═════ PROVIDED MATERIAL ═════

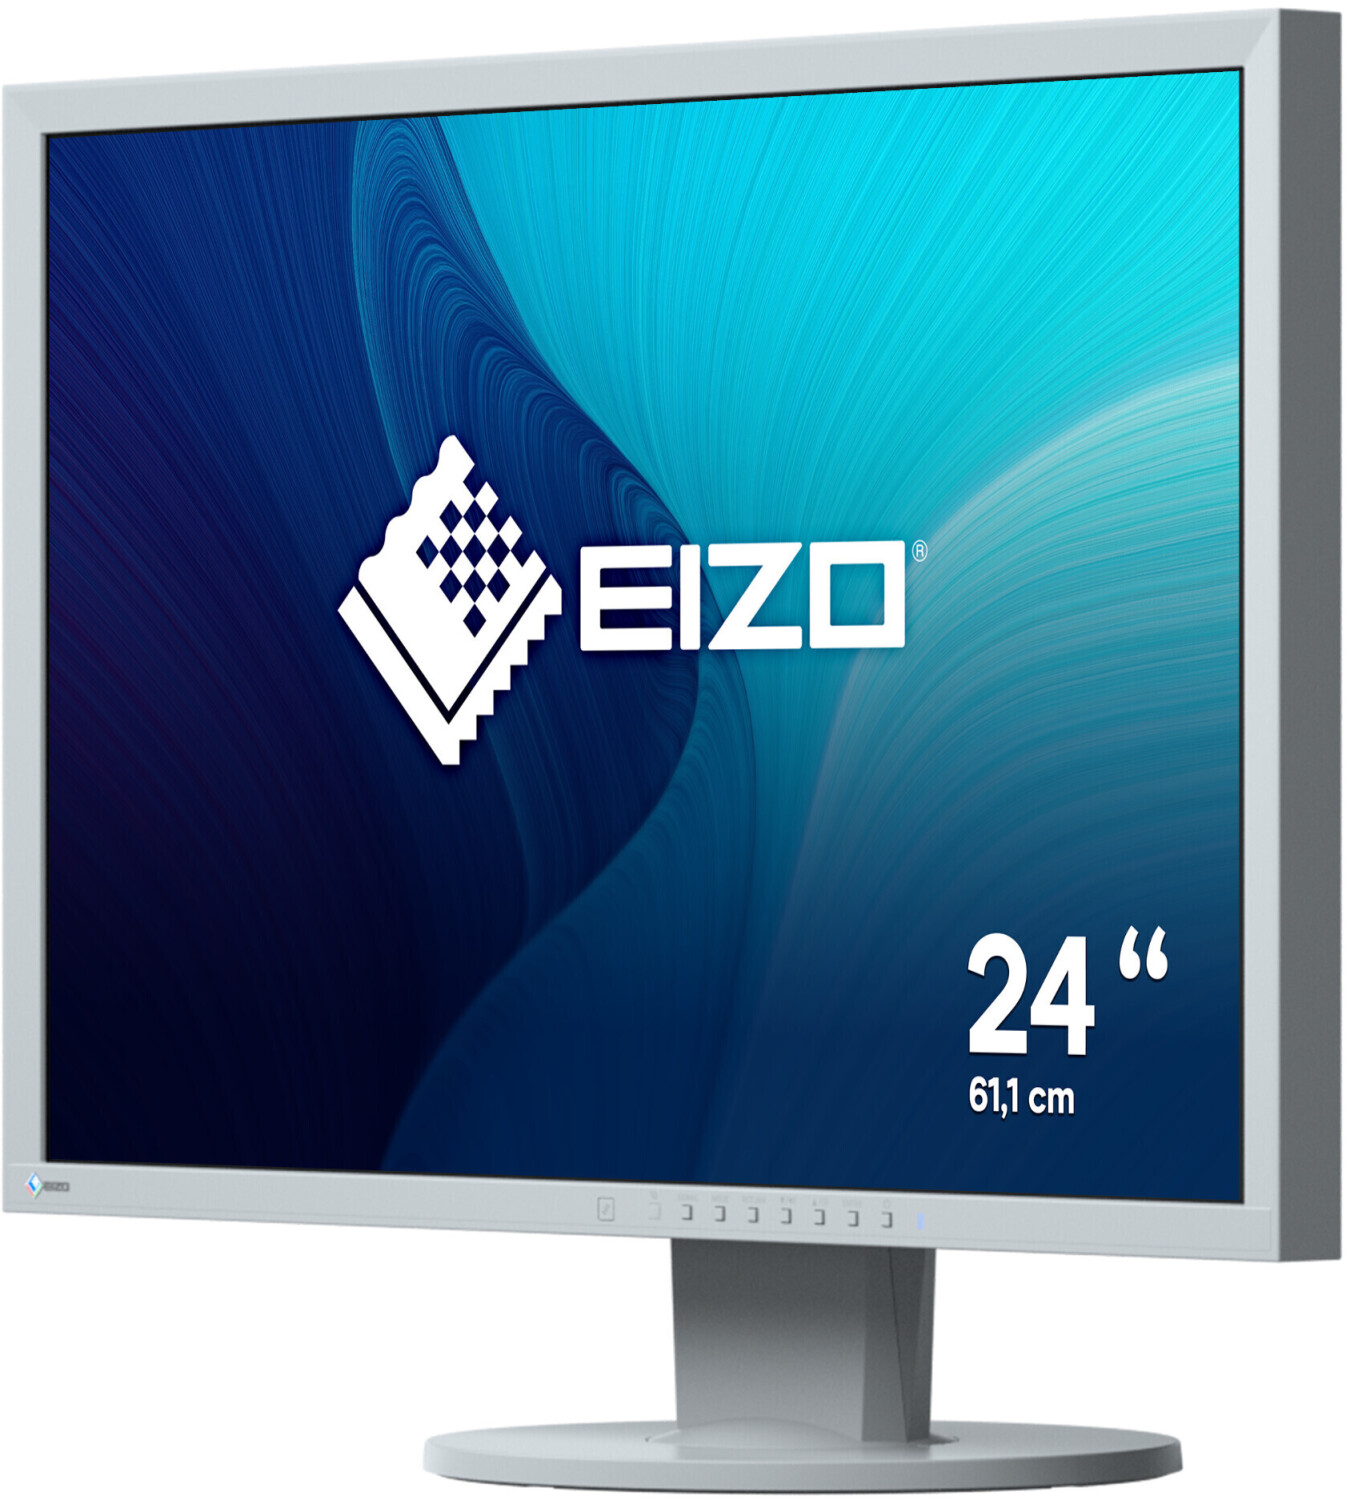 EIZO EV2430-GY au meilleur prix sur idealo.fr
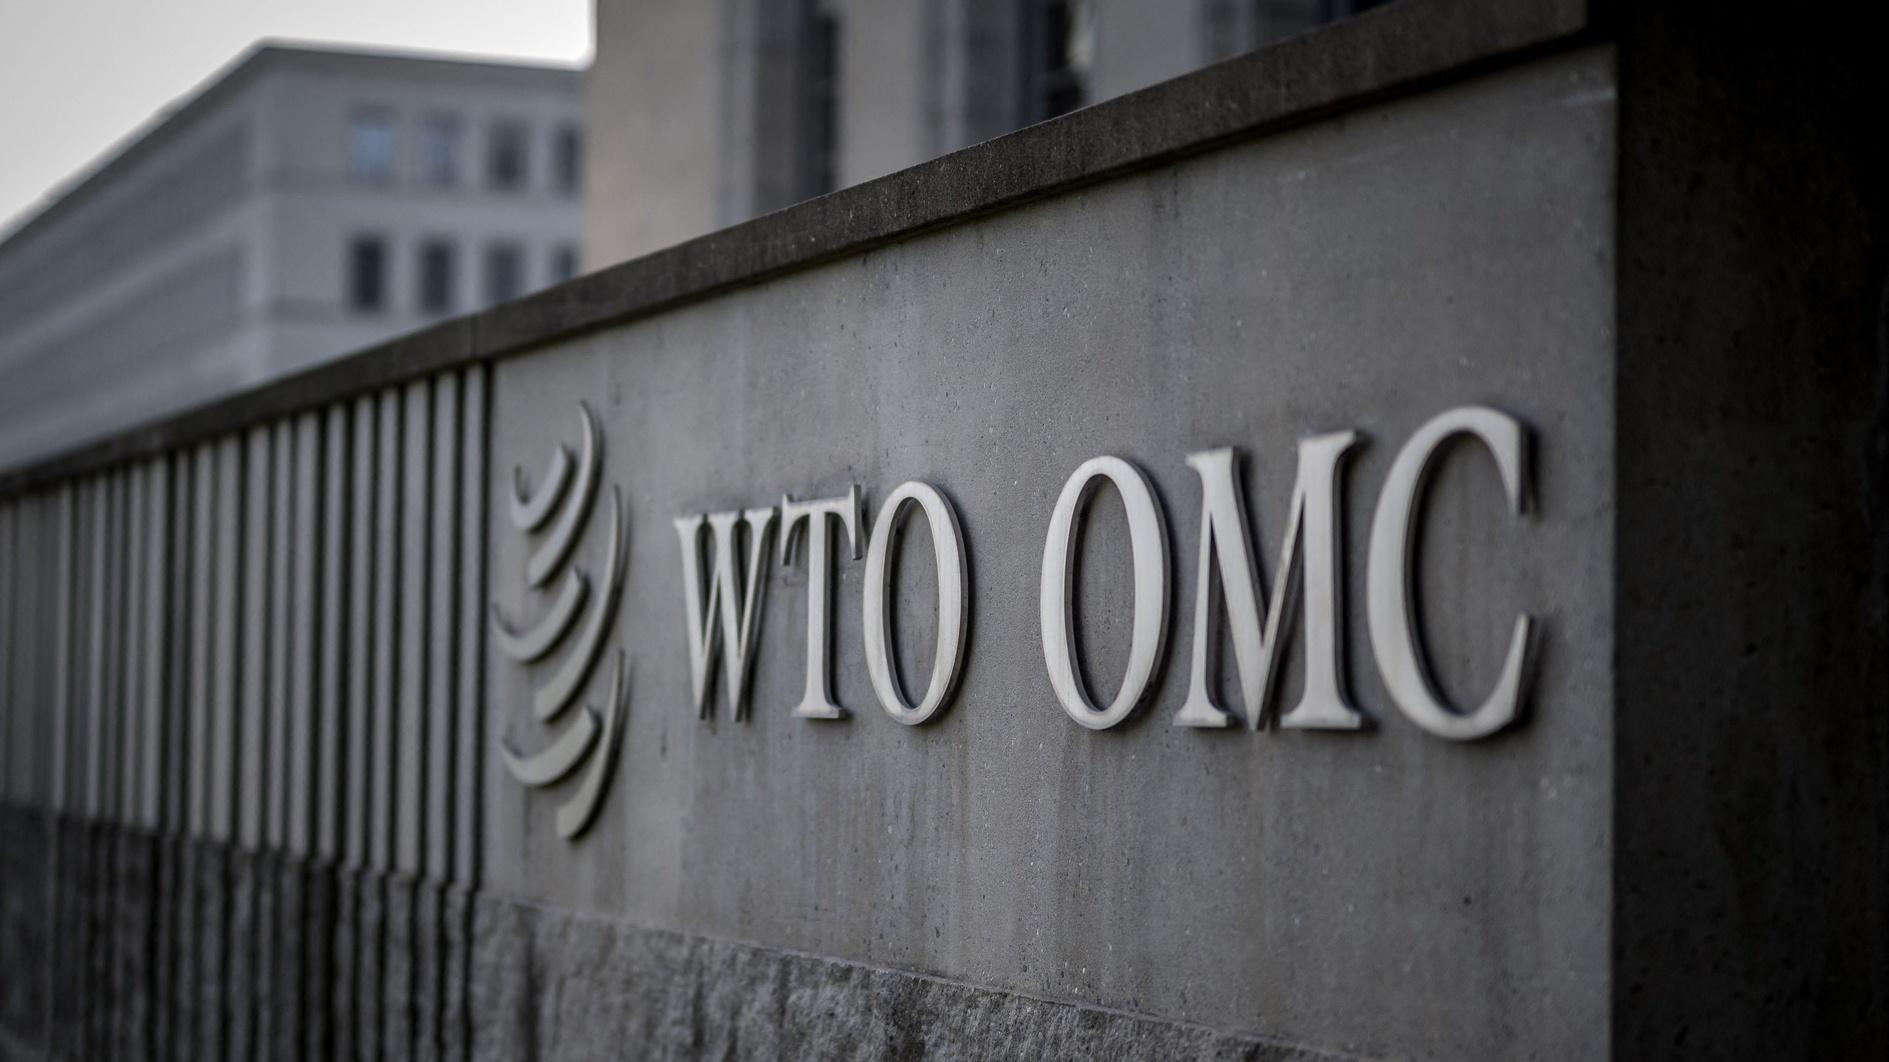 Grote handelsovereenkomsten zijn waarschijnlijk ongrijpbaar tijdens de WTO-bijeenkomst in Abu Dhabi
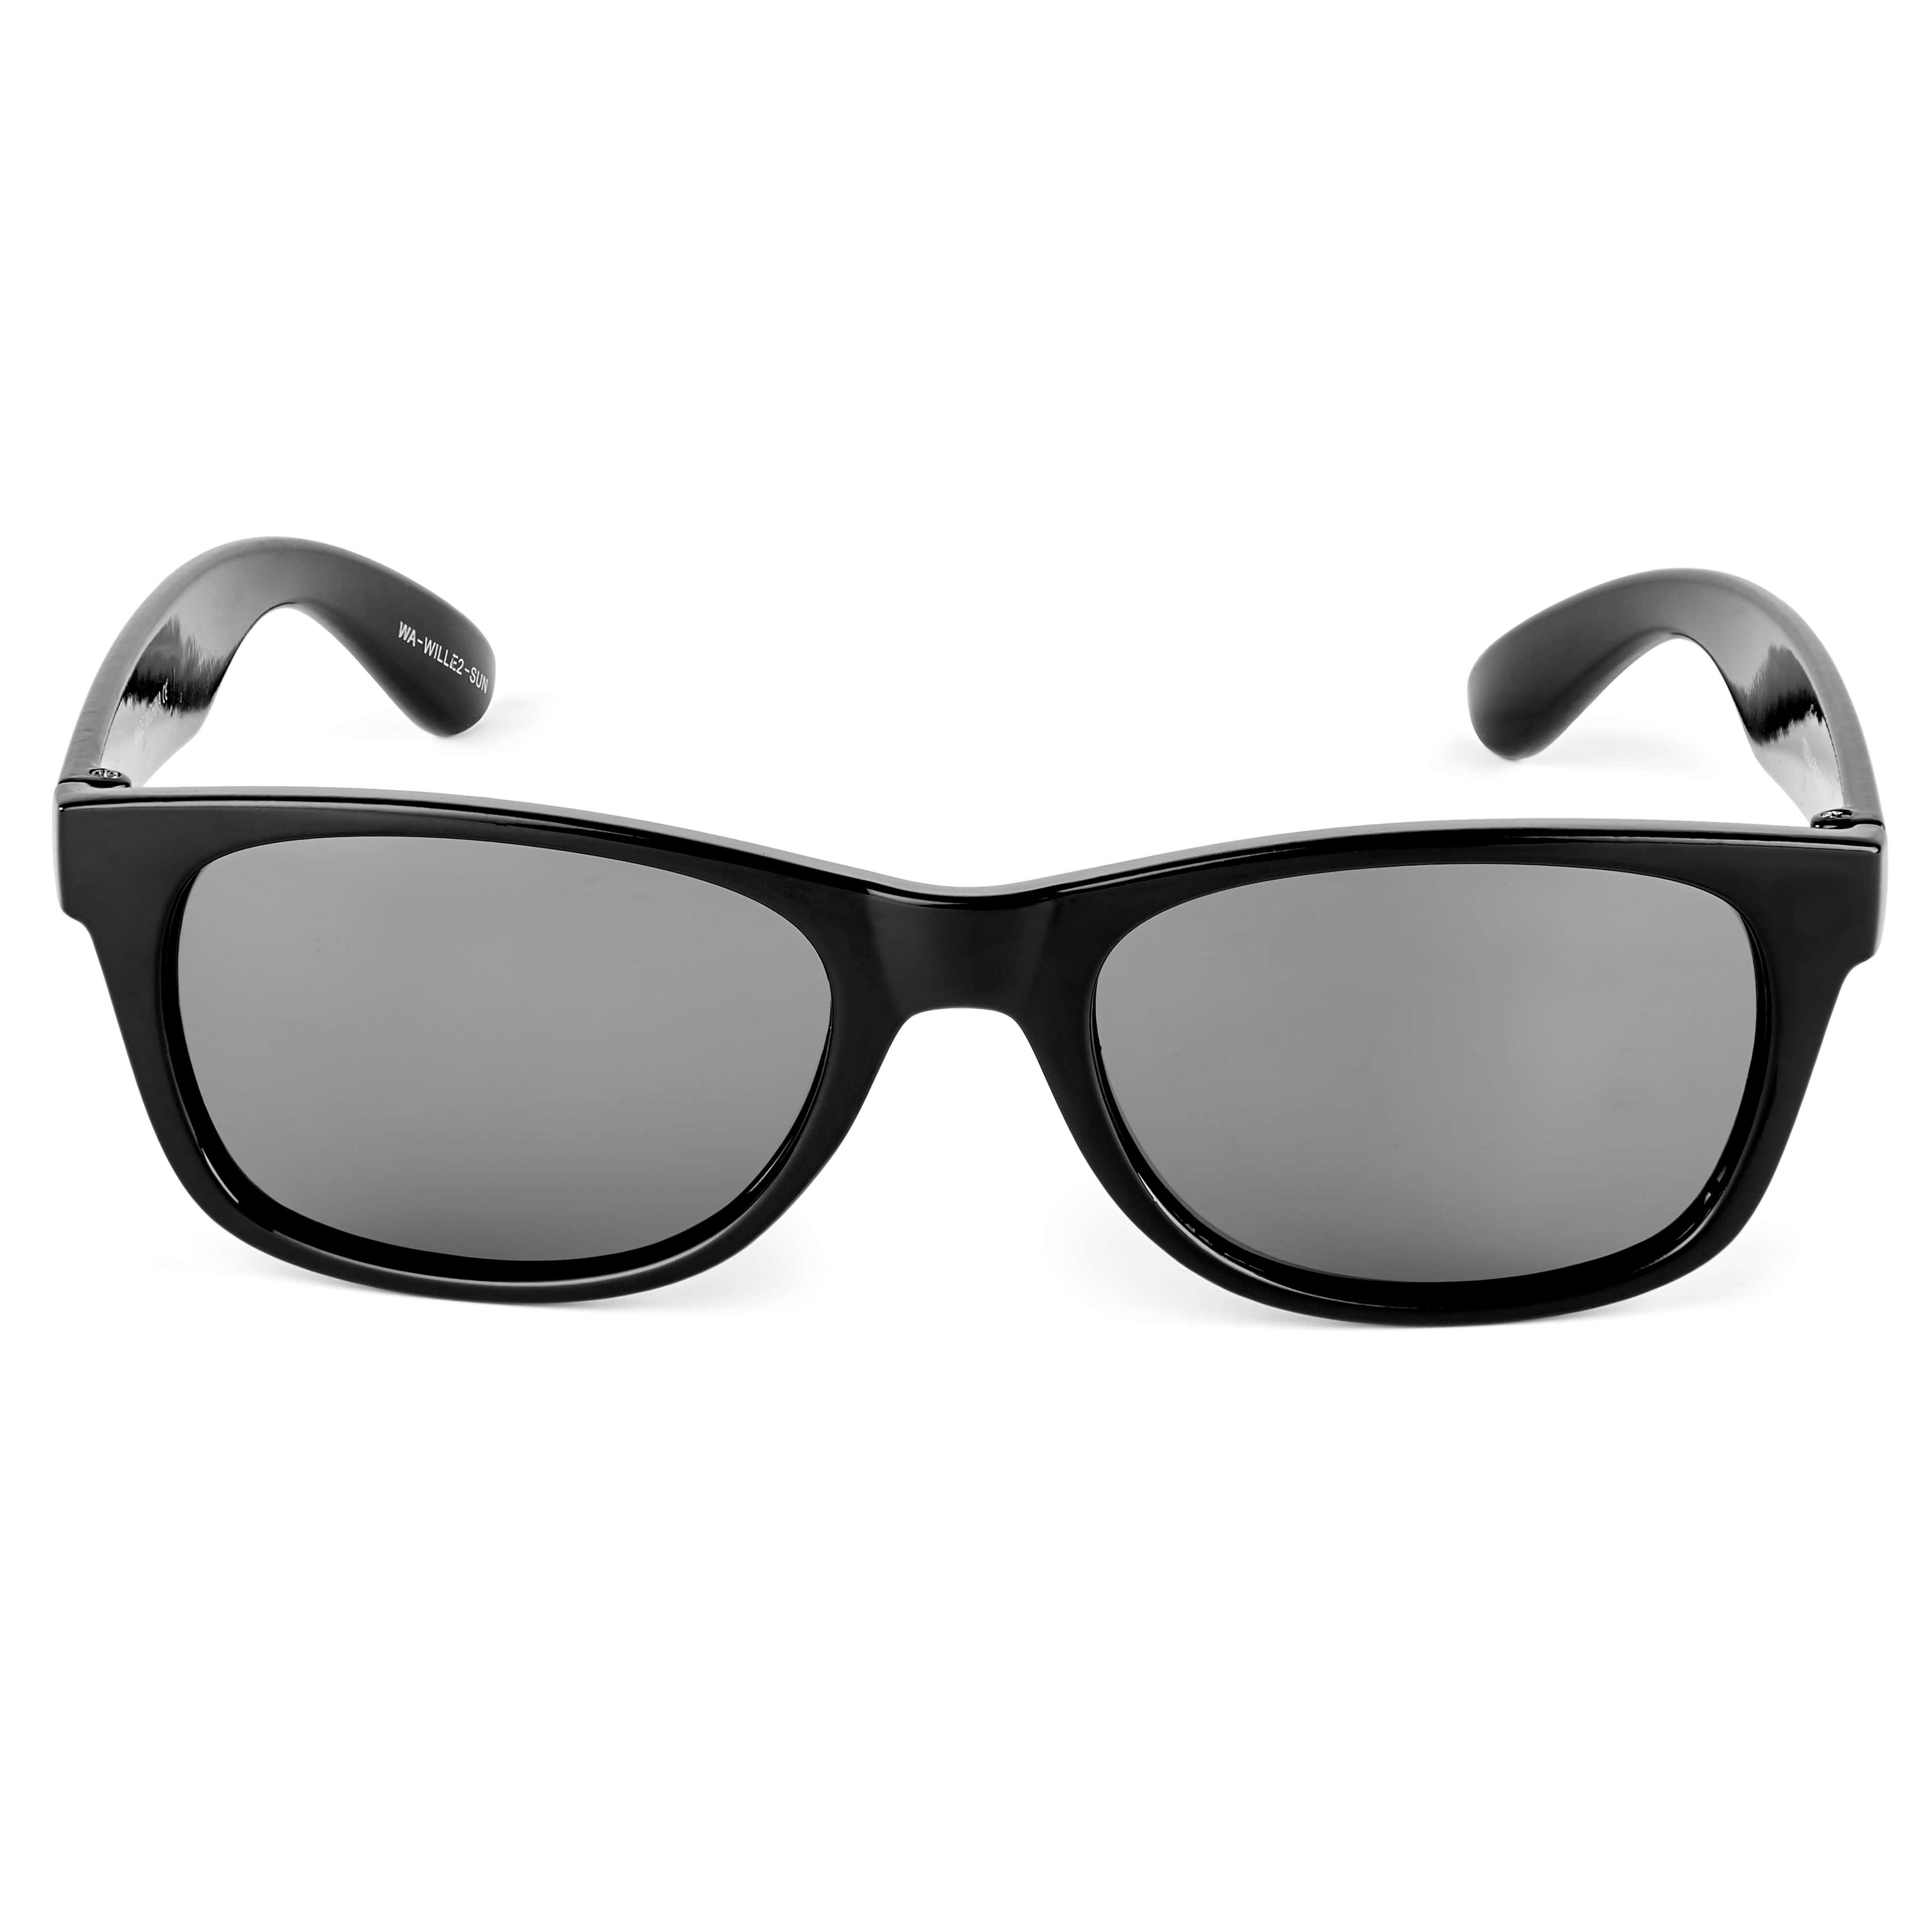 Wille Black Vista Sunglasses - 2 - hover gallery
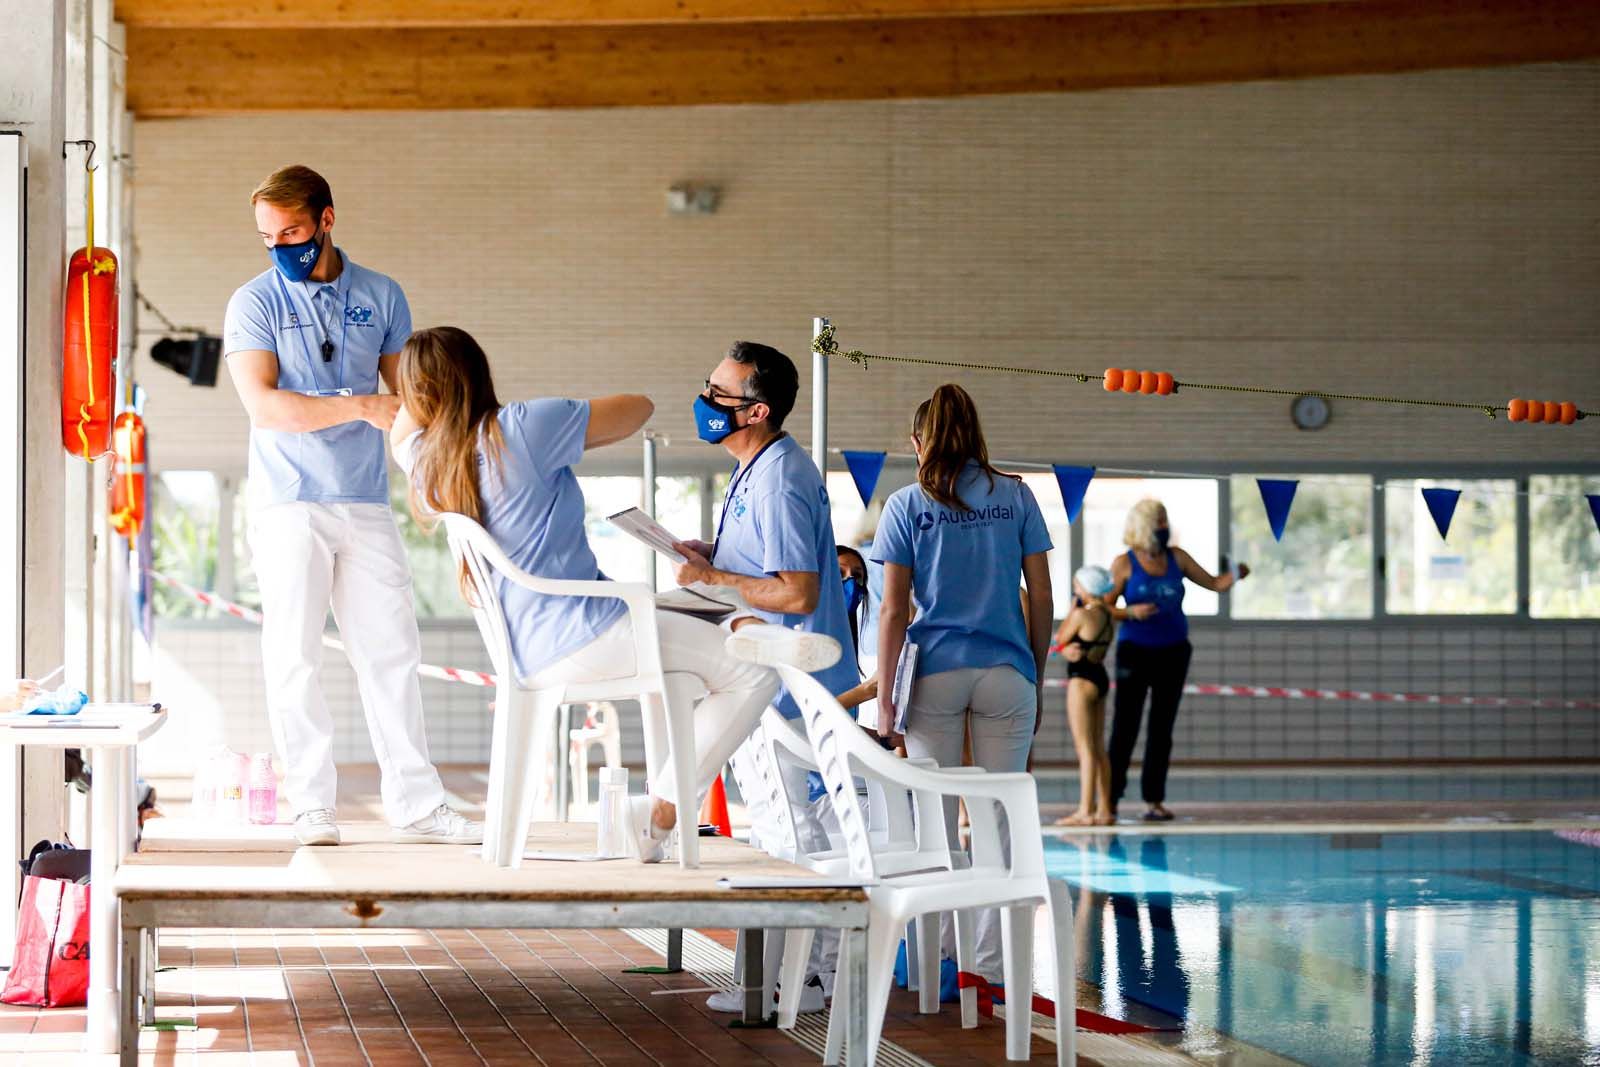 Las nadadoras ibicencas testean su nivel en la piscina de Can Coix, en Sant Antoni

═════

- _TRY IT_
Nothing but the lines from the first line of the data through the line with "Wille Black Vista" belongs in the answer, copied exactly and without pictures.

- _WRITTEN SOLUTION_
 EIZO EV2430-GY au meilleur prix sur idealo.fr
 Grote handelsovereenkomsten zijn waarschijnlijk ongrijpbaar tijdens de WTO-bijeenkomst in Abu Dhabi
 Wille Black Vista Sunglasses - 2 - hover gallery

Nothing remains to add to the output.